* _EXERCISE BRIEF_
An exact copy of the listing below is the answer, with the pictures removed.

* _RECORDED DATA_
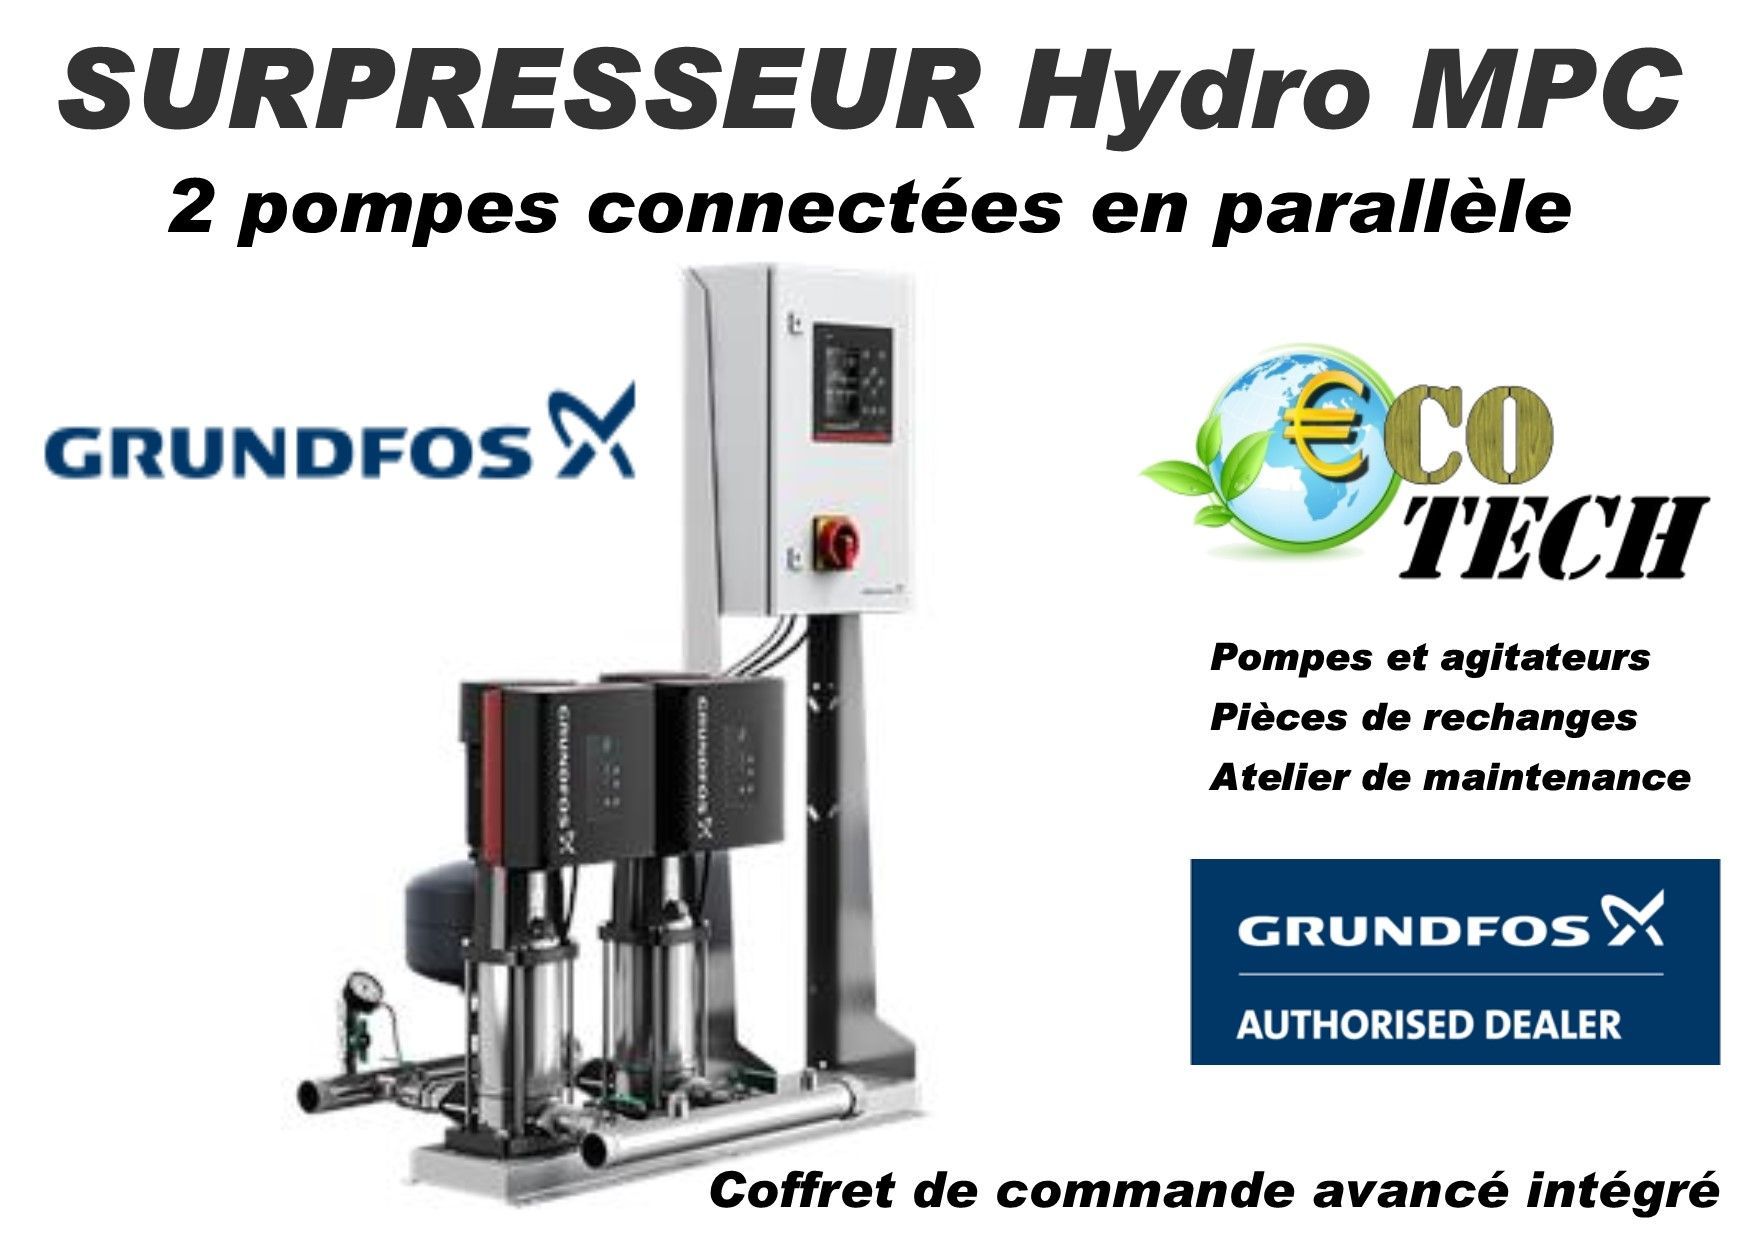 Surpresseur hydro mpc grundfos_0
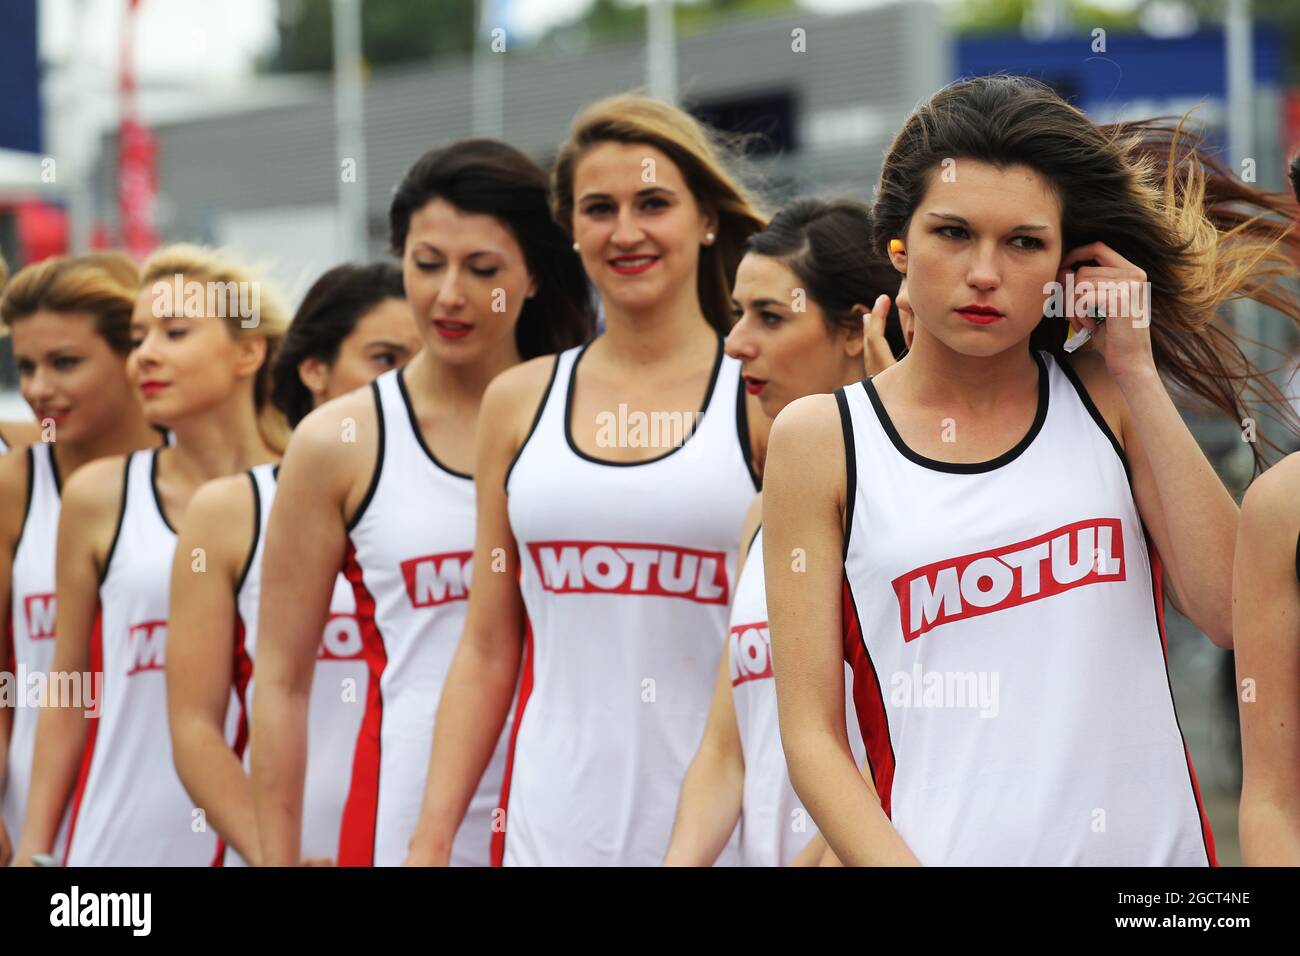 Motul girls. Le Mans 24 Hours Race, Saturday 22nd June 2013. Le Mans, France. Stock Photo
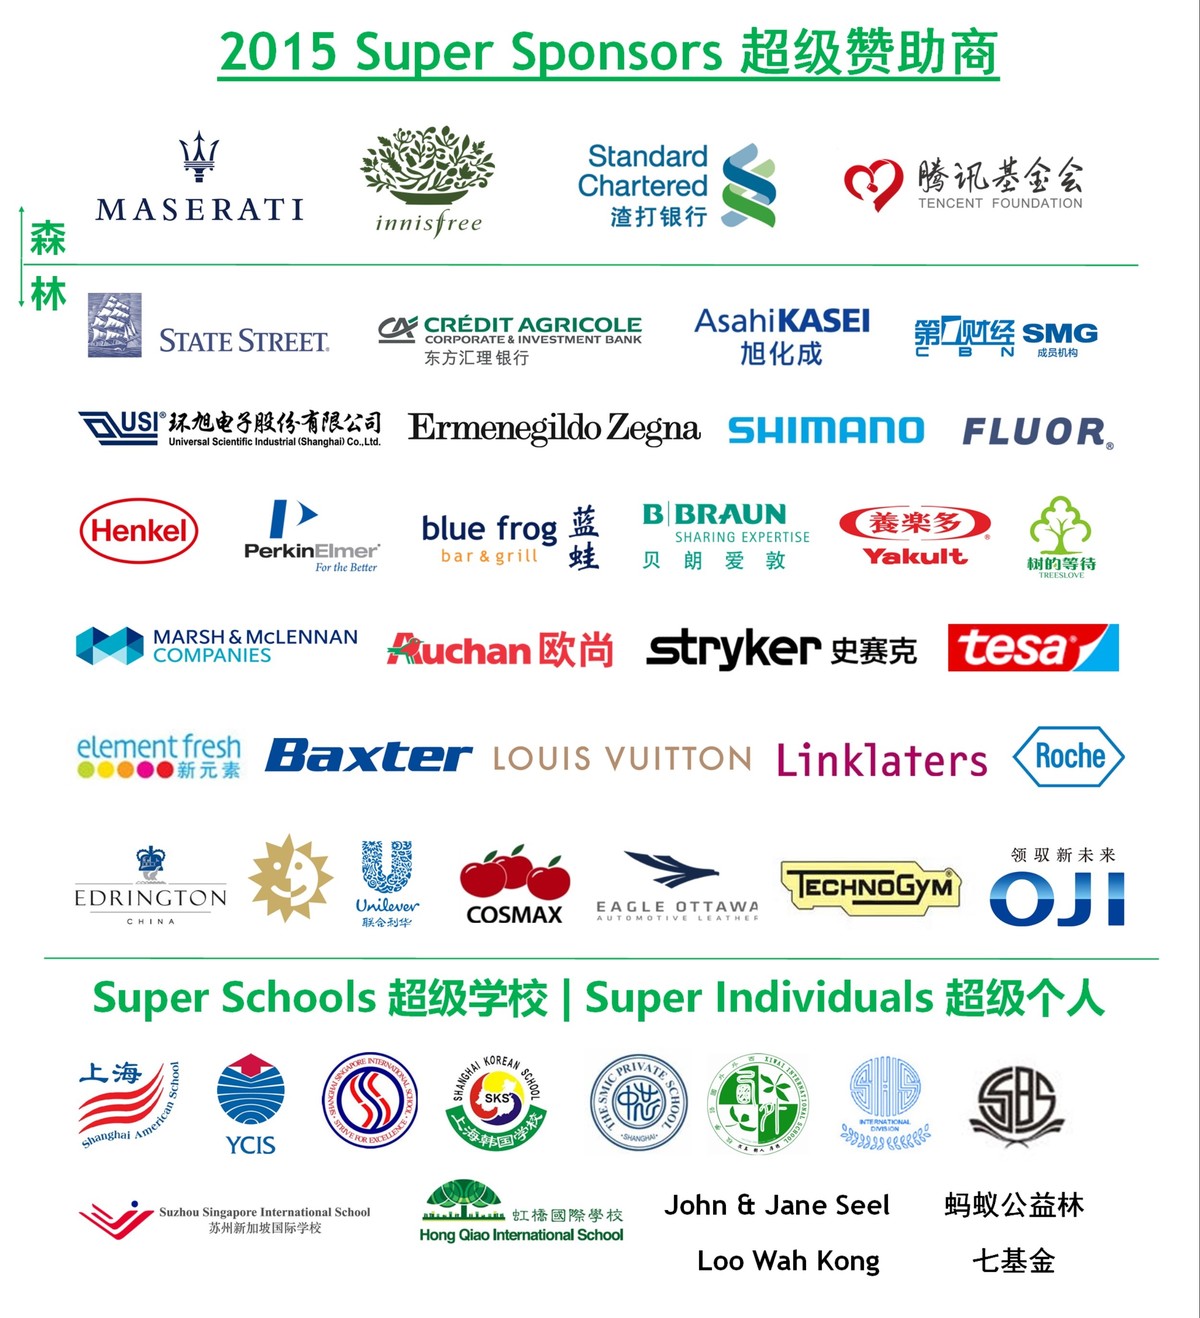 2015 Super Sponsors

* _ANSWER_
 Surpresseur hydro mpc grundfos_0
 Motul girls. Le Mans 24 Hours Race, Saturday 22nd June 2013. Le Mans, France. Stock Photo
 2015 Super Sponsors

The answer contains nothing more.